◆ Exercise description: Copy nothing but the lines below, from the one with "Demon Slayer Manga" through the one with "Livre ISBN 2890882160", exactly as written; no pictures should appear.

◆ Exercise material:
=== Begin Enclosure ===
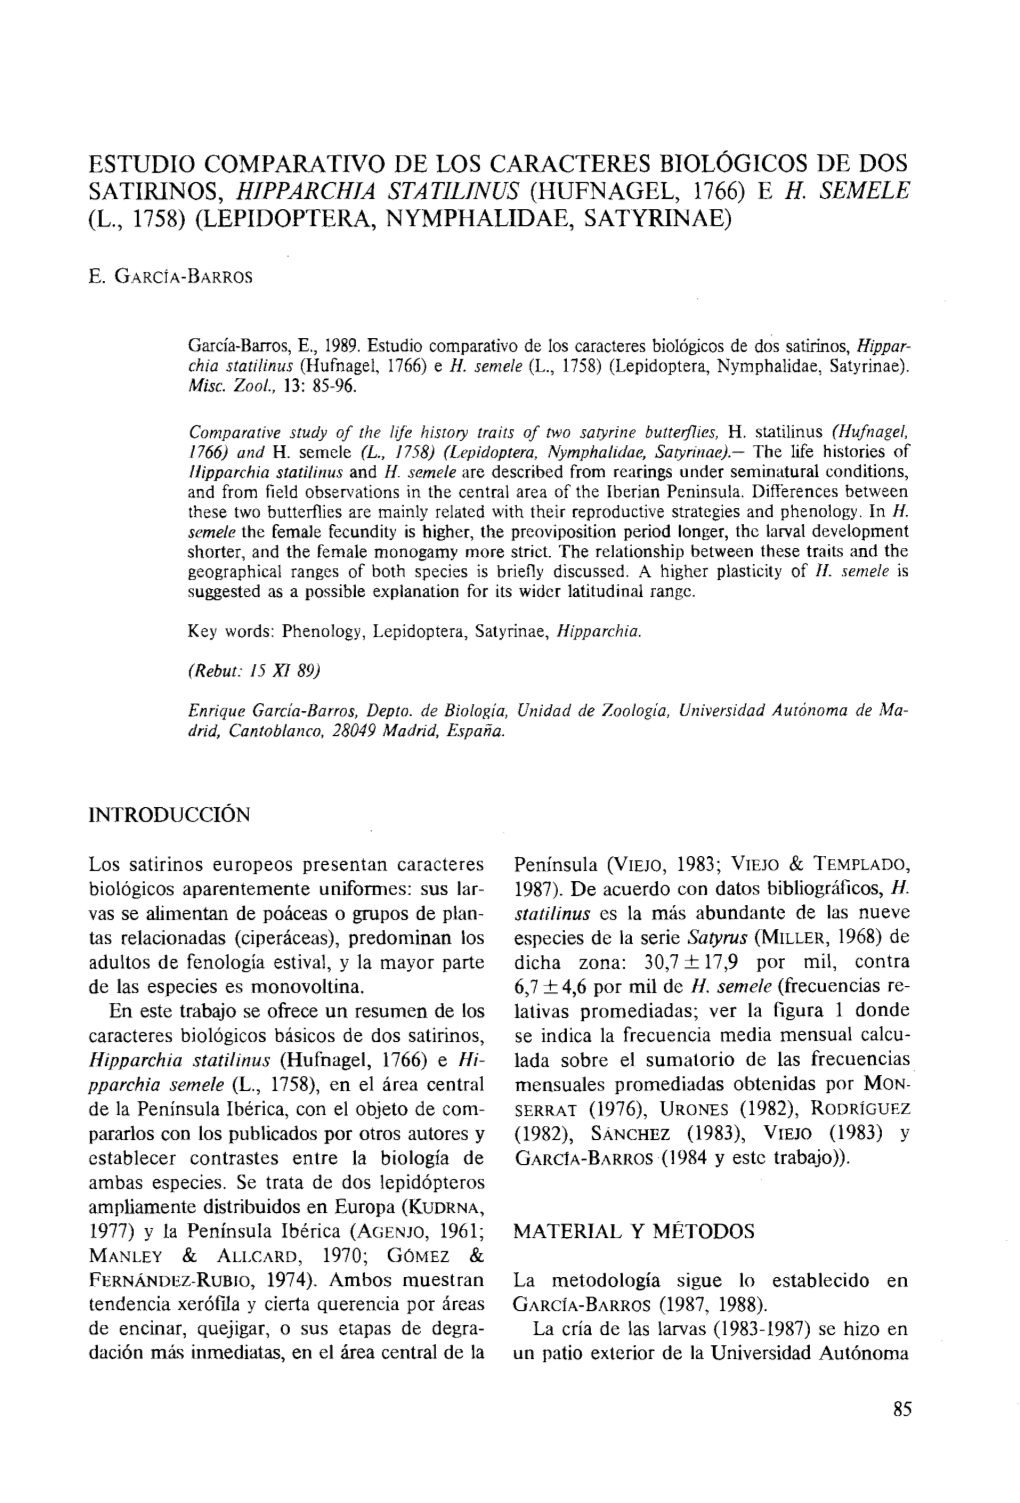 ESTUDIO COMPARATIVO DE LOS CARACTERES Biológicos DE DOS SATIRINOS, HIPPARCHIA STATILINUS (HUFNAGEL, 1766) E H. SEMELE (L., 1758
=== End Enclosure ===
=== Begin Enclosure ===
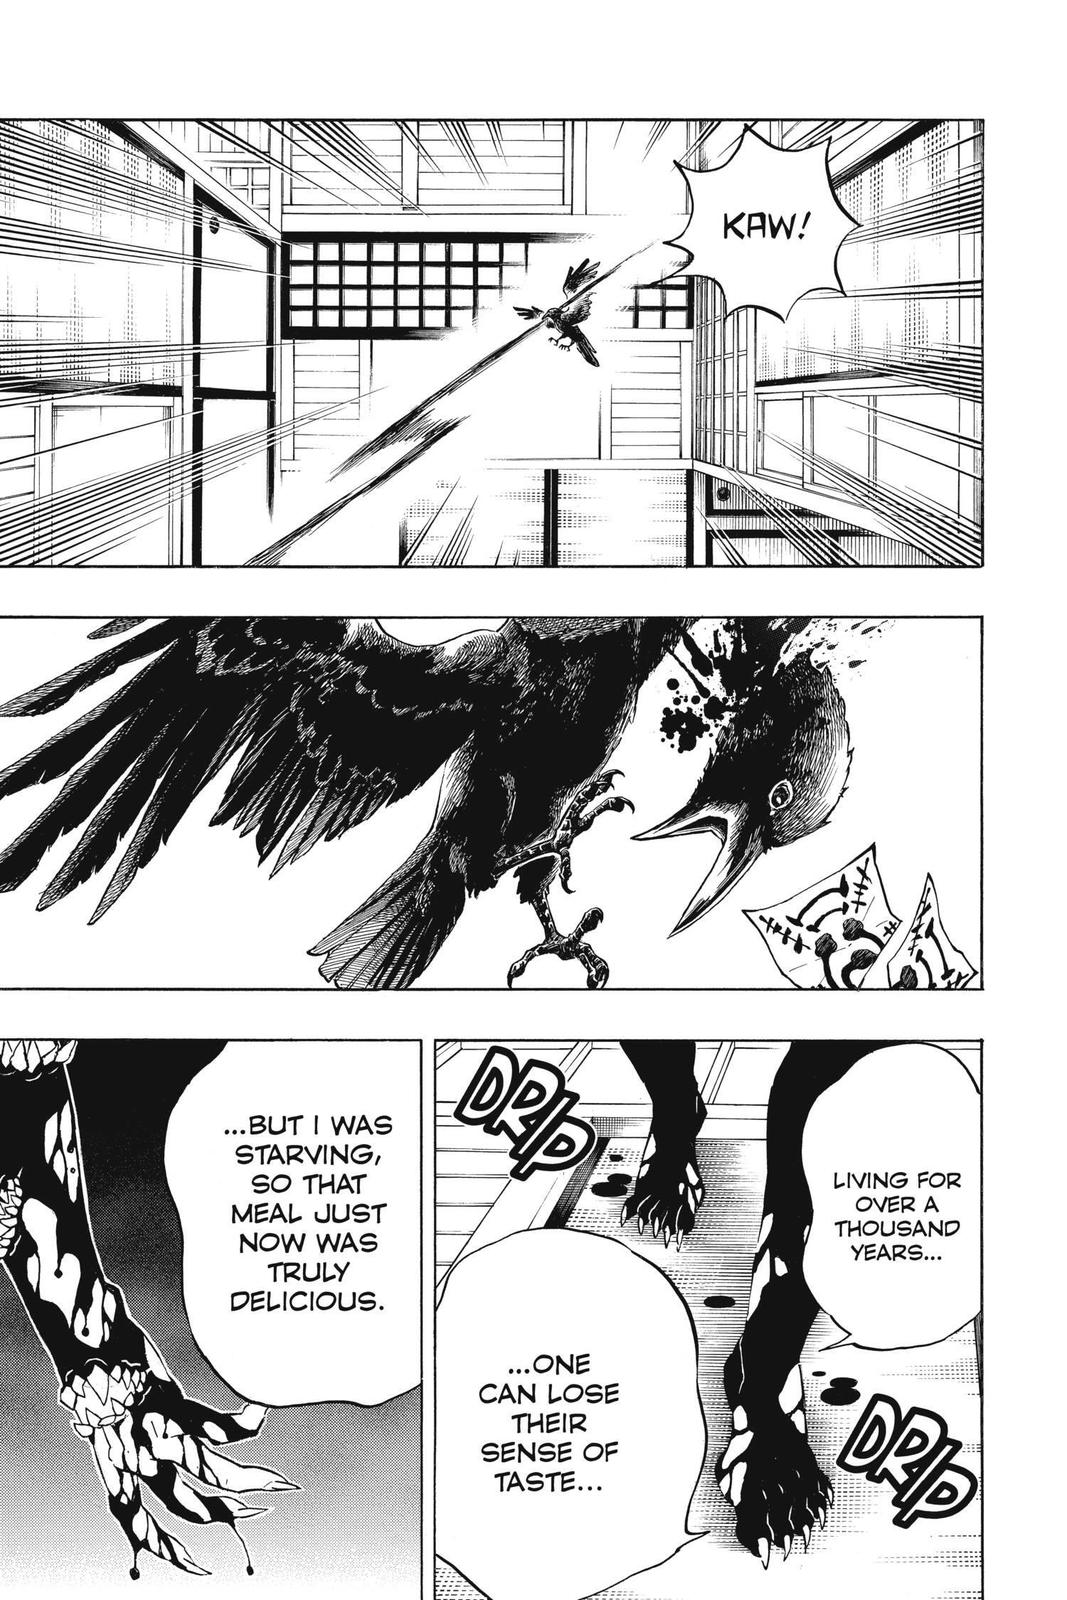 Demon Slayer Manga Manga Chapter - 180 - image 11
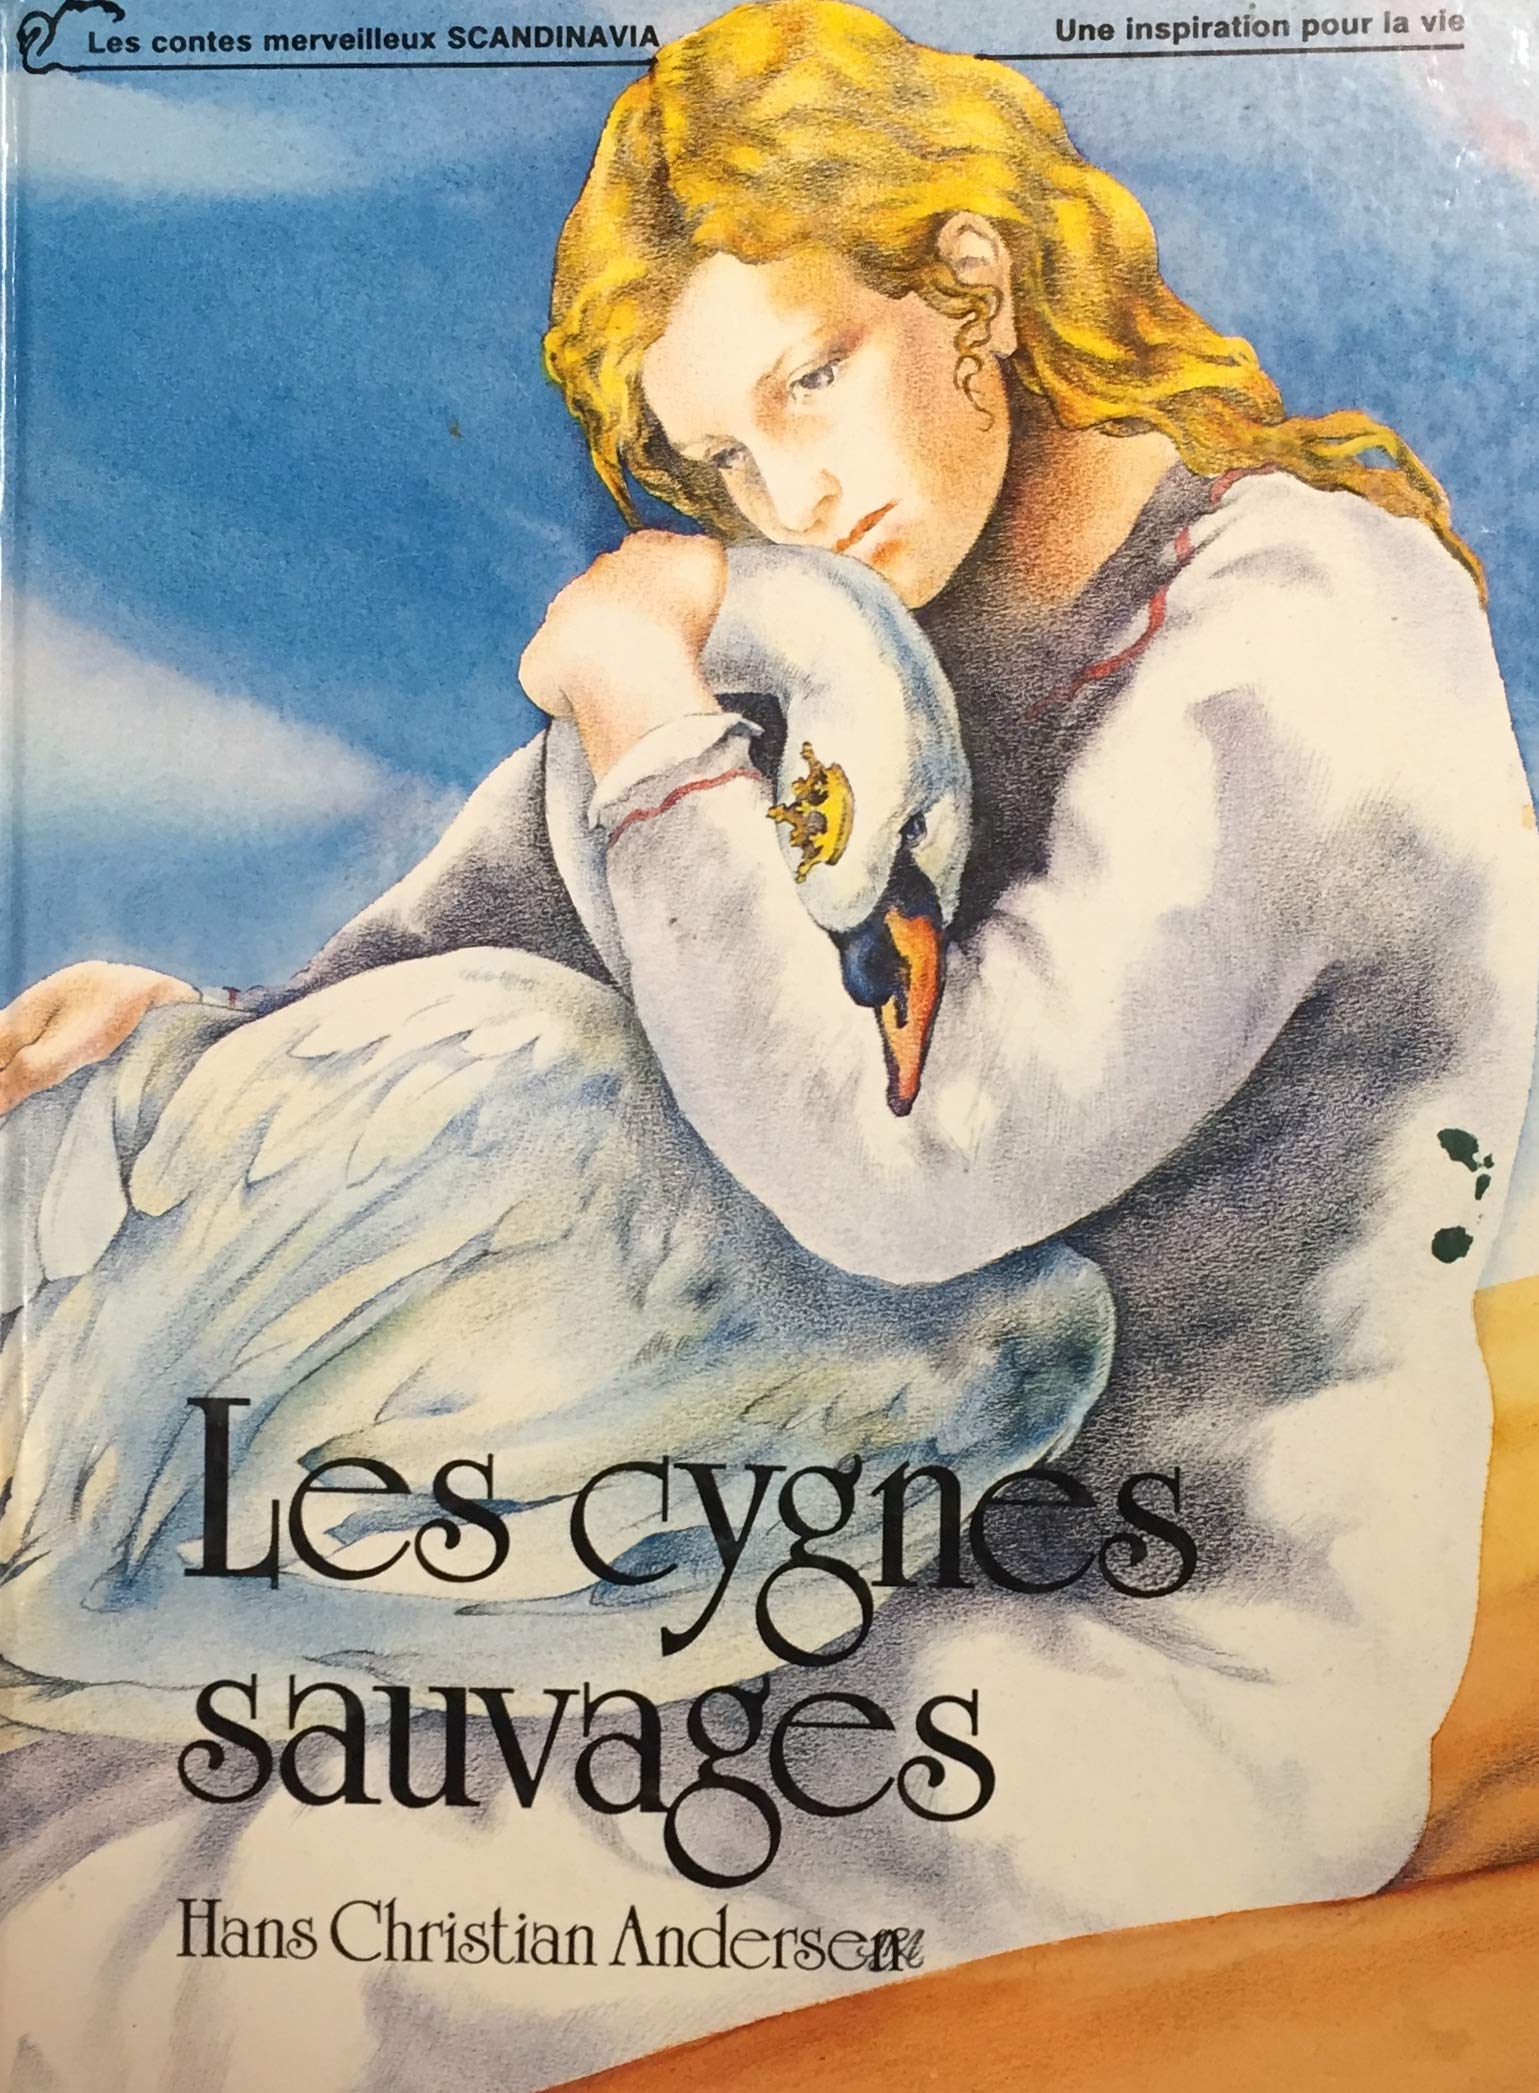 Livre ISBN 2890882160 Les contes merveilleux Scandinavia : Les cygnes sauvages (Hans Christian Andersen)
=== End Enclosure ===
=== Begin Enclosure ===
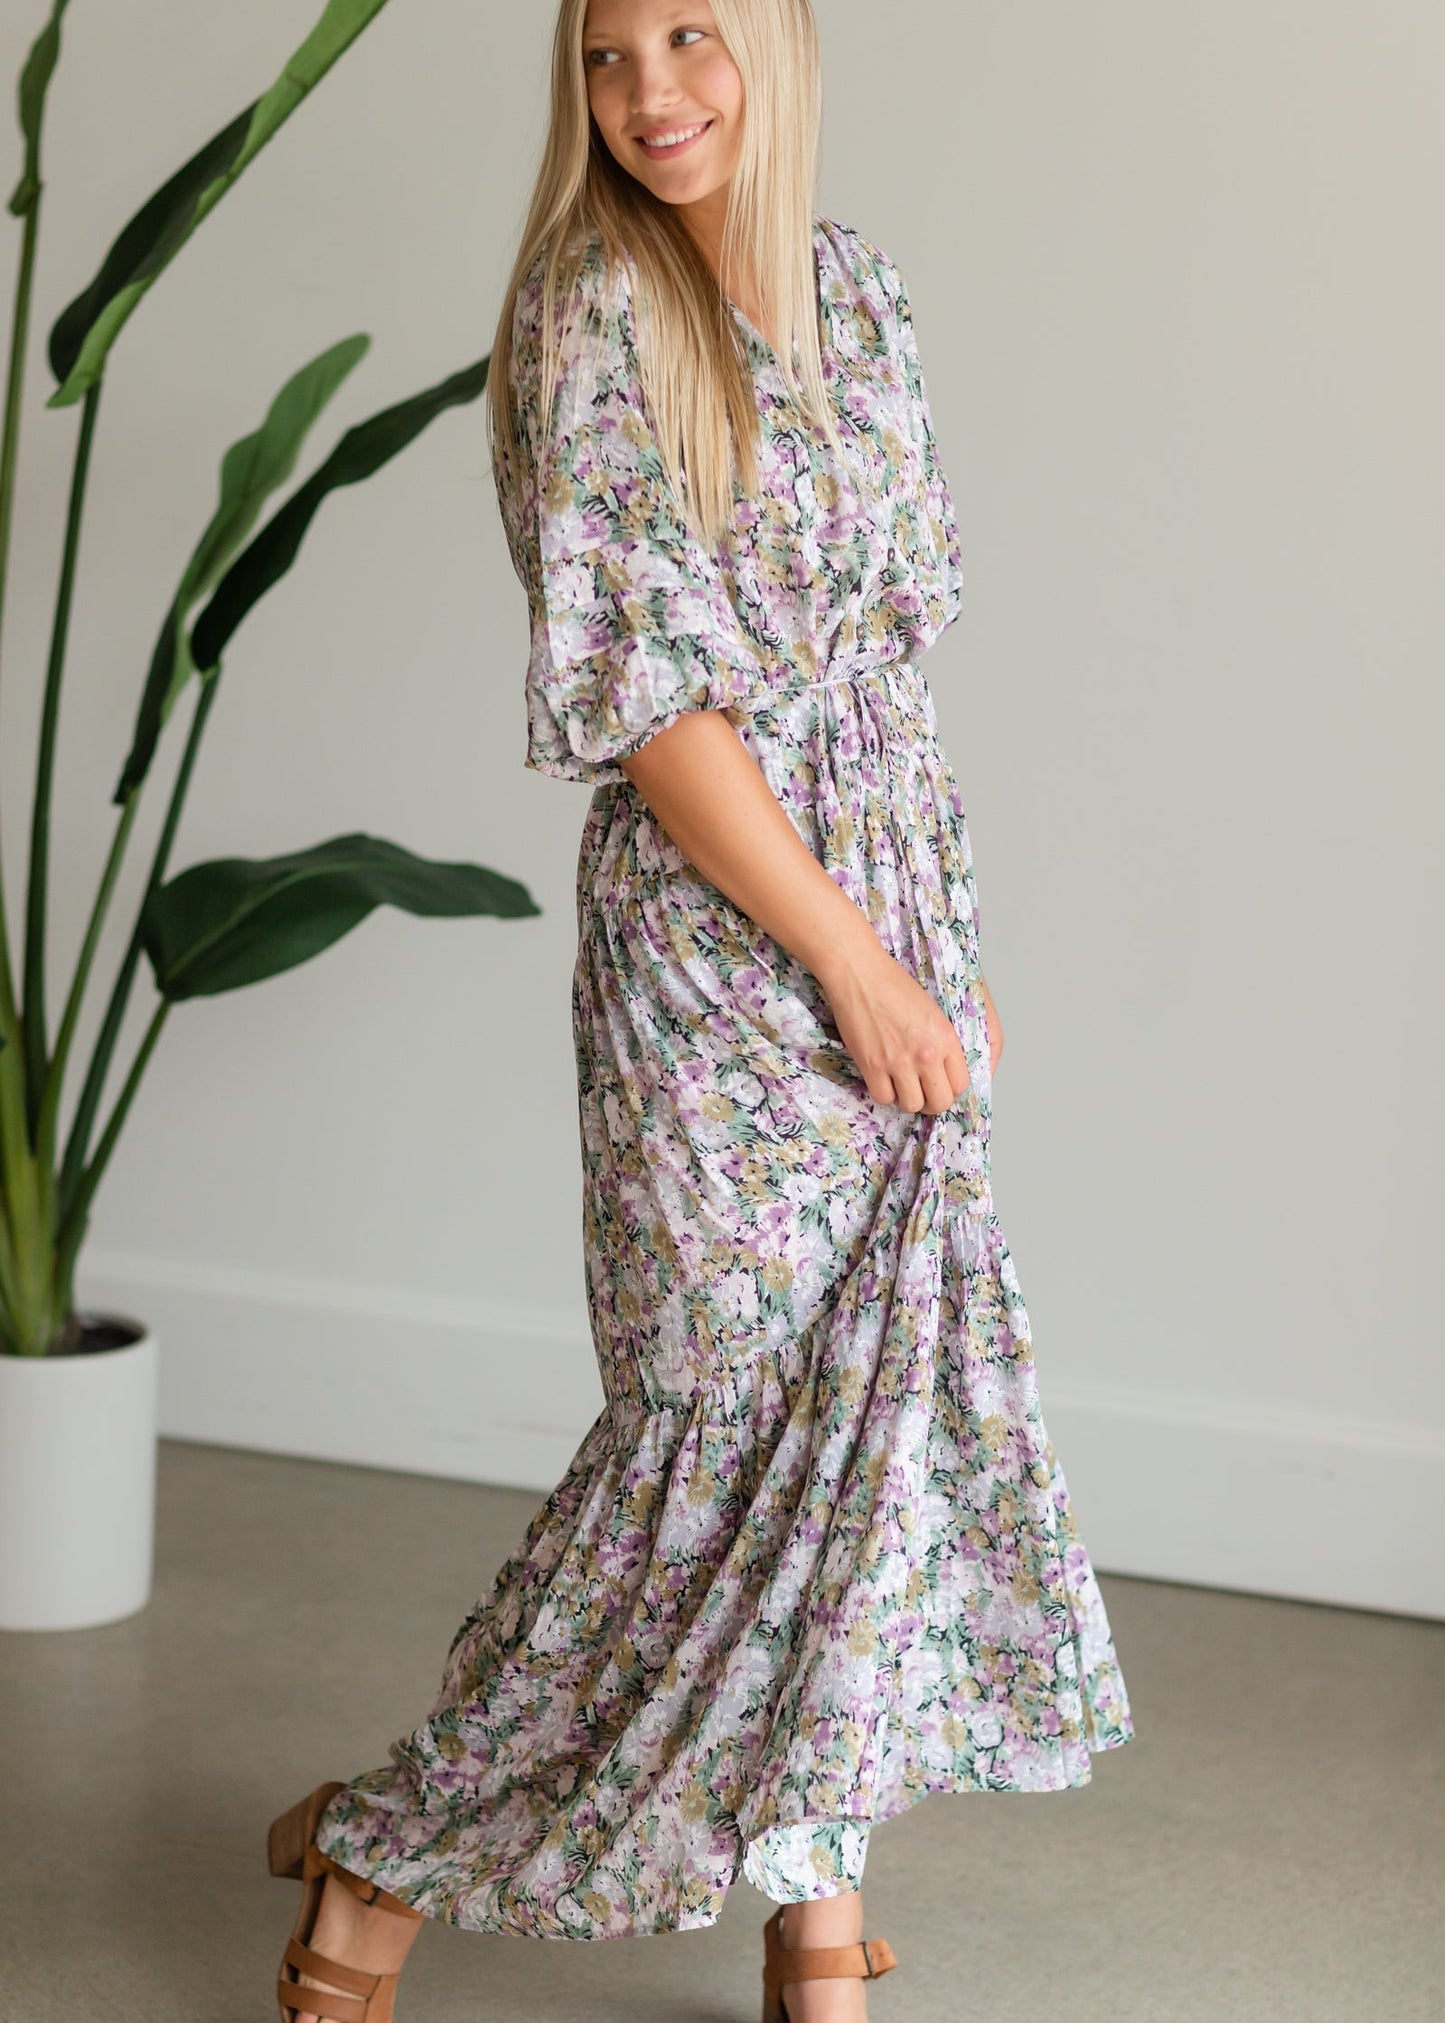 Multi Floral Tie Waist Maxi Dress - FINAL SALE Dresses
=== End Enclosure ===
◆ Finished exercise:
 Demon Slayer Manga Manga Chapter - 180 - image 11
 Livre ISBN 2890882160 Les contes merveilleux Scandinavia : Les cygnes sauvages (Hans Christian Andersen)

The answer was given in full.